Recorded data:

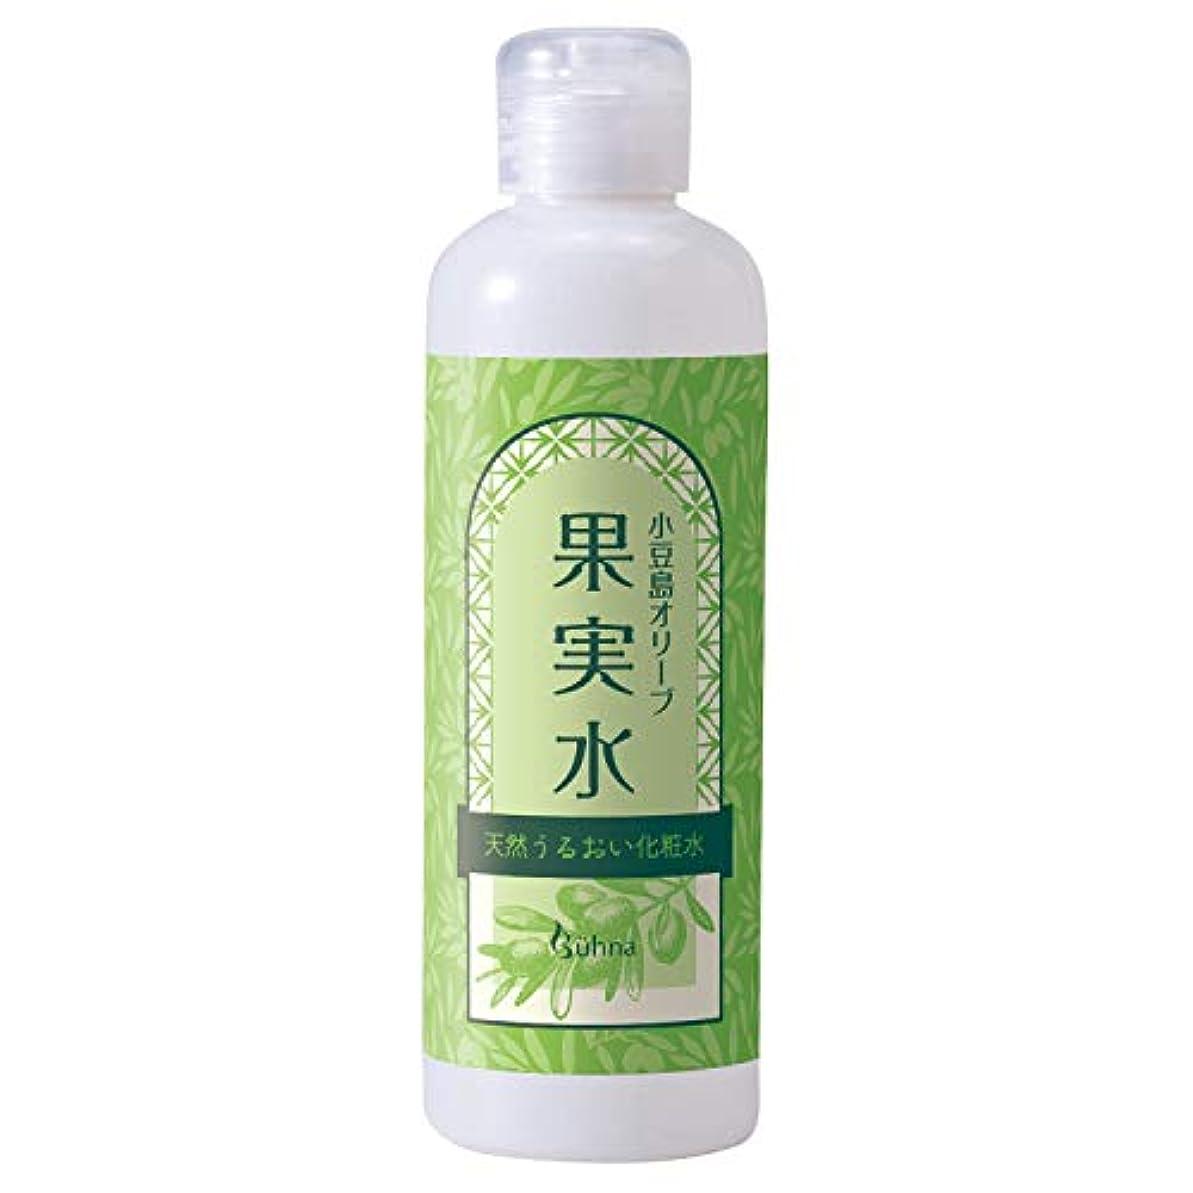 明らかに波周辺ビューナ 小豆島オリーブ果実水 化粧水 保湿 オリーブオイル 無着色 アルコールフリー パラベンフリー 合成香料不使用
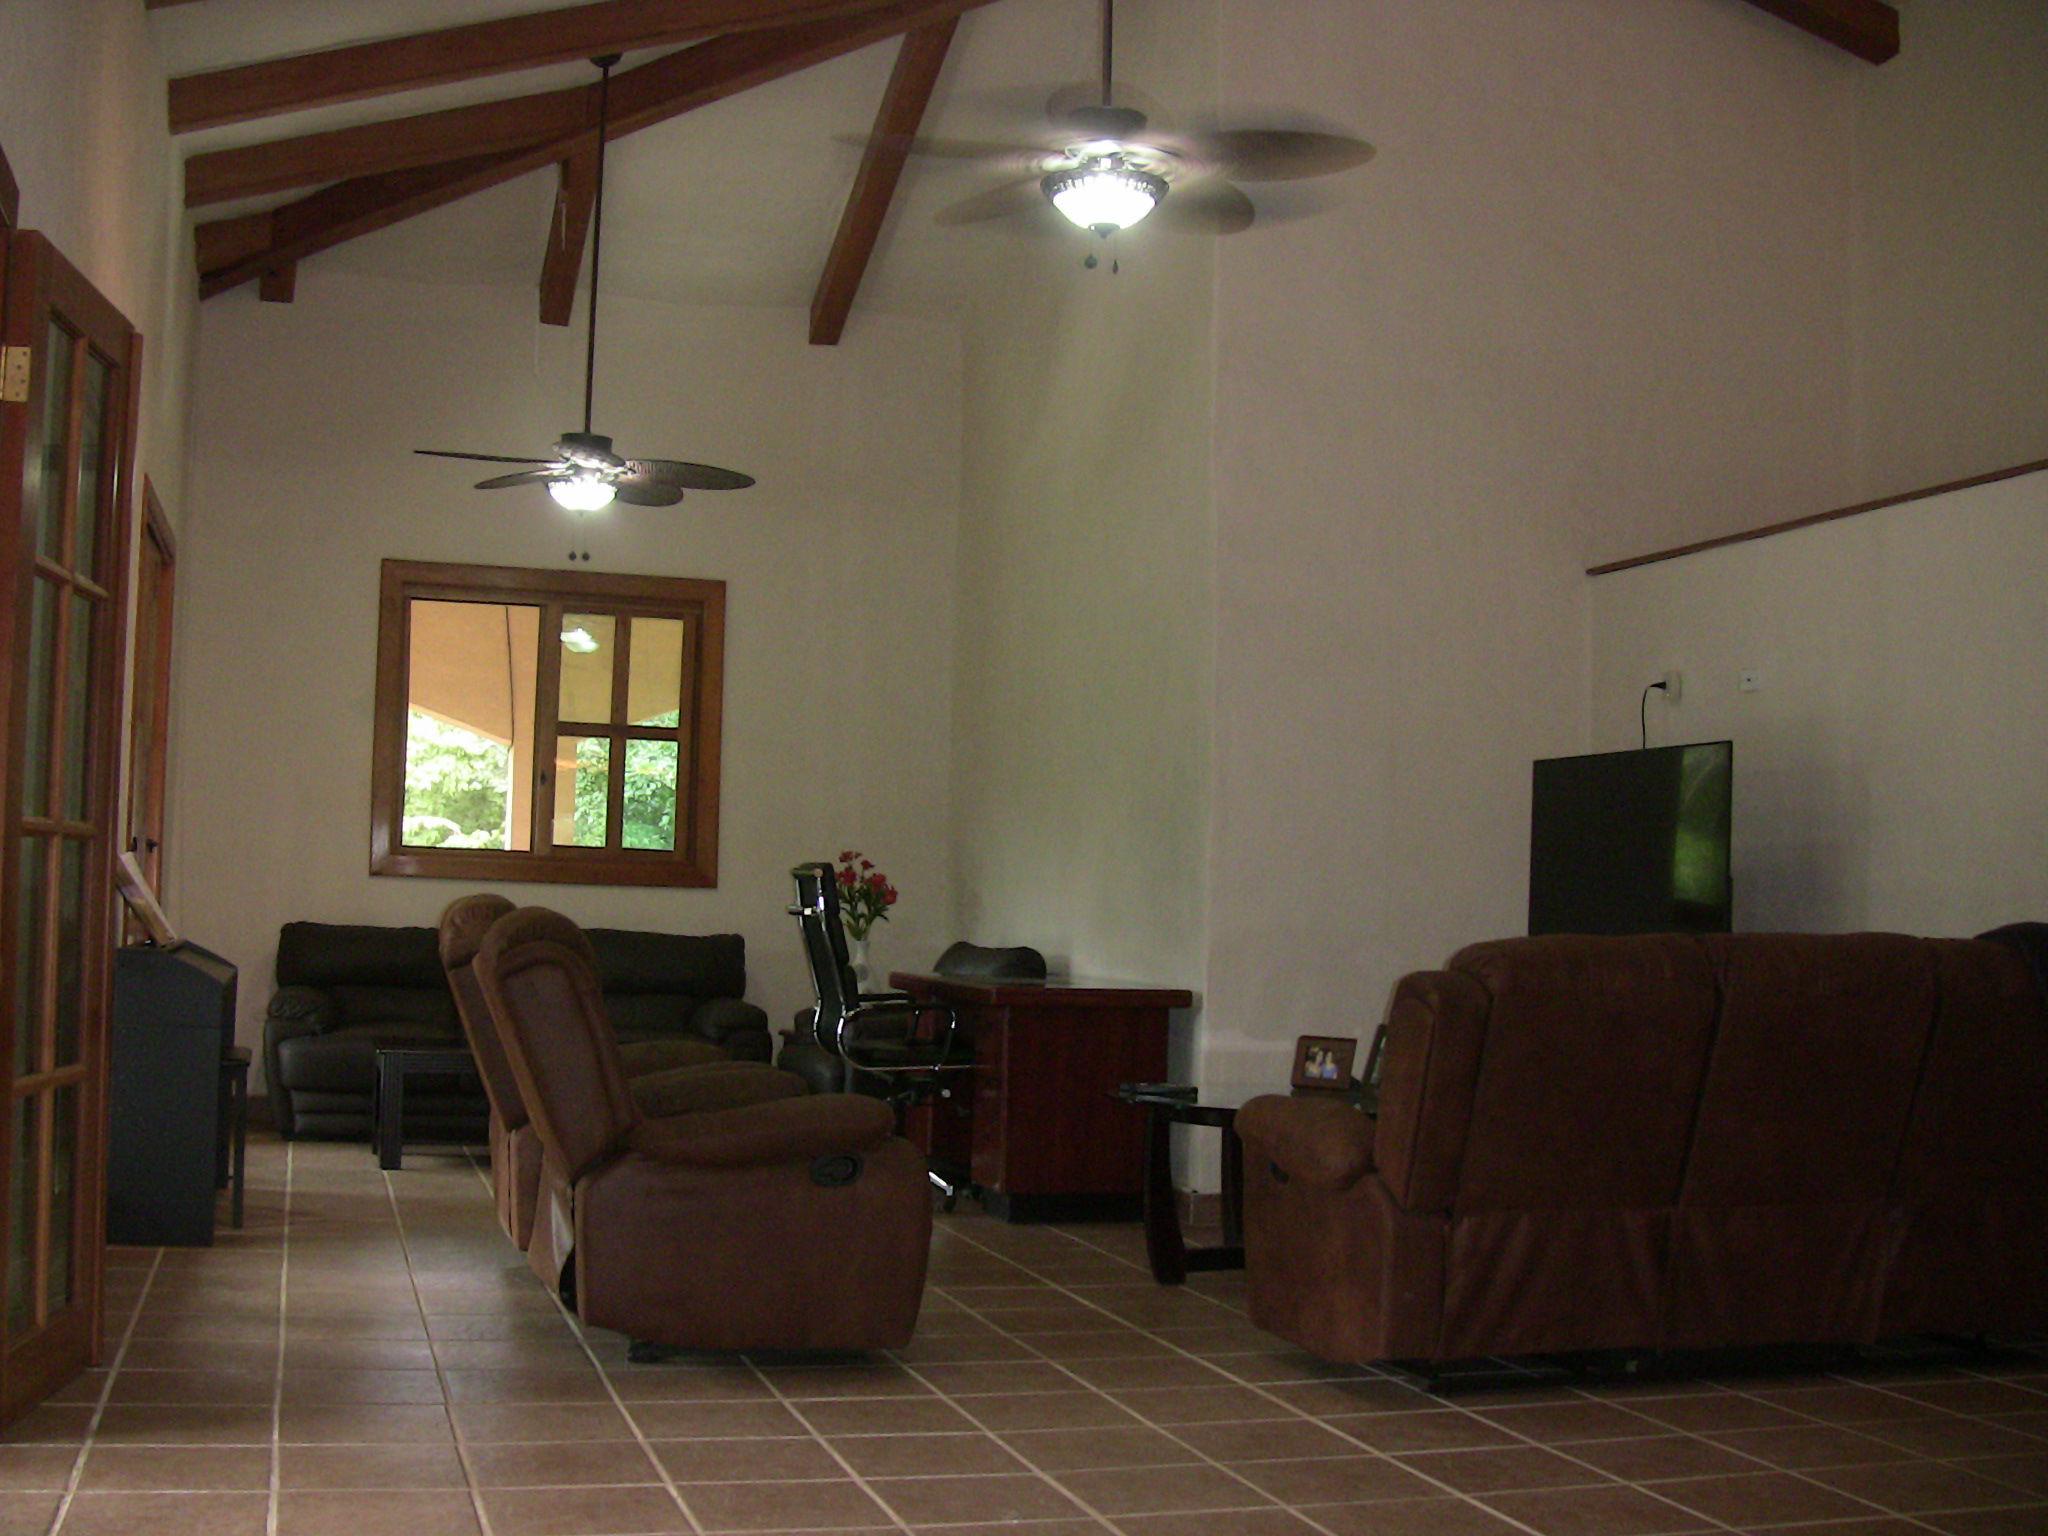 Santa-Fe-Panama-property-veraguasrealty215646005-11.jpg
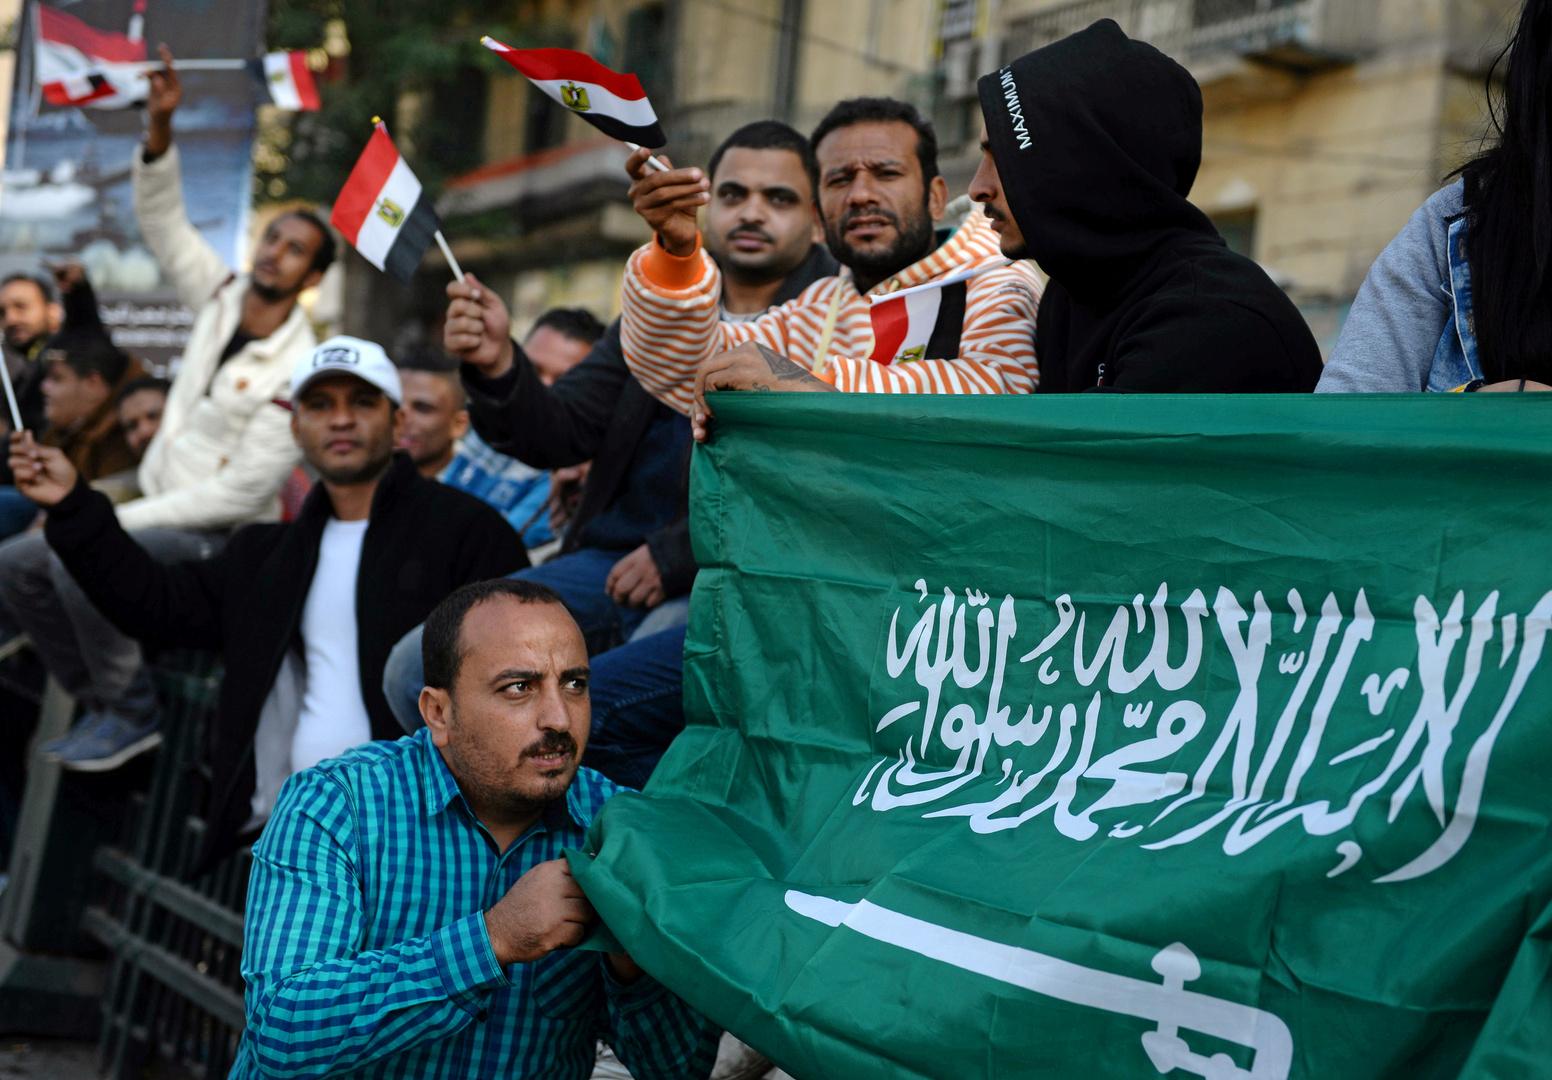 مصر تعيد مواطنا من السعودية بسبب فيديو على الإنترنت

What the task requires:
Transcribe exactly the lines from the one holding "Santa-Fe-Panama-property-veraguasrealty215646005-11.jpg" through the final line of the material above, both ends included; any pictures should be dropped.

Exercise solution:
 Santa-Fe-Panama-property-veraguasrealty215646005-11.jpg
 مصر تعيد مواطنا من السعودية بسبب فيديو على الإنترنت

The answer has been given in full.